Alzheimer's disease accounts for the majority of dementia cases, but a substantial number of persons may be affected by other dementias, including vascular dementia (10 to 20 percent of cases), dementia with Lewy bodies (10 to 15 percent), and frontotemporal dementia (5 to 15 percent). Kawas presents a clinical review of the early diagnosis and treatment of dementia.

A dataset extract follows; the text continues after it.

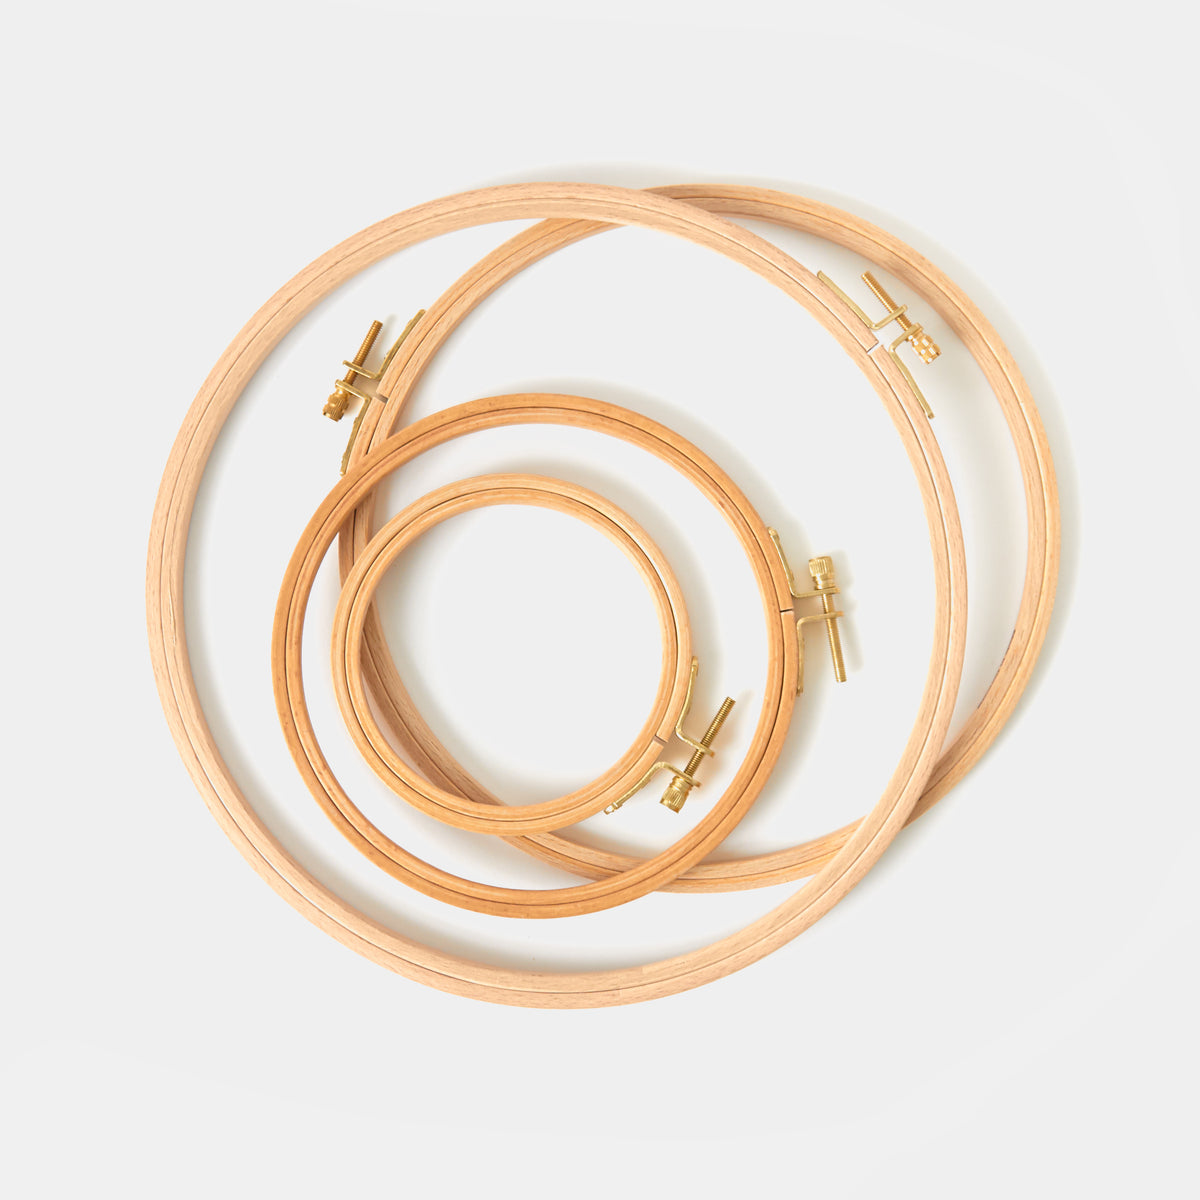 Beech Embroidery Hoop - Oval - Stitched Modern

The diagnostic criteria for dementia require the patient to have cognitive impairment severe enough to cause social or occupational disability in at least two domains, including memory, language, calculations, orientation, and judgment. The author recommends using a formal testing instrument, such as the Mini-Mental State Examination (MMSE), for detection and follow-up of cognitive decline. Patients with disabling cognitive impairment in at least two domains generally score less than 24 on the MMSE. Patients with only mild cognitive impairment usually score 24 or higher but typically do poorly on the memory component of the examination, which tests for recall of three named objects. The MMSE score should be adjusted for age and education level. A table of cutoff values for normal scores is available at http://www.nemc.org/ psych/mmse.asp.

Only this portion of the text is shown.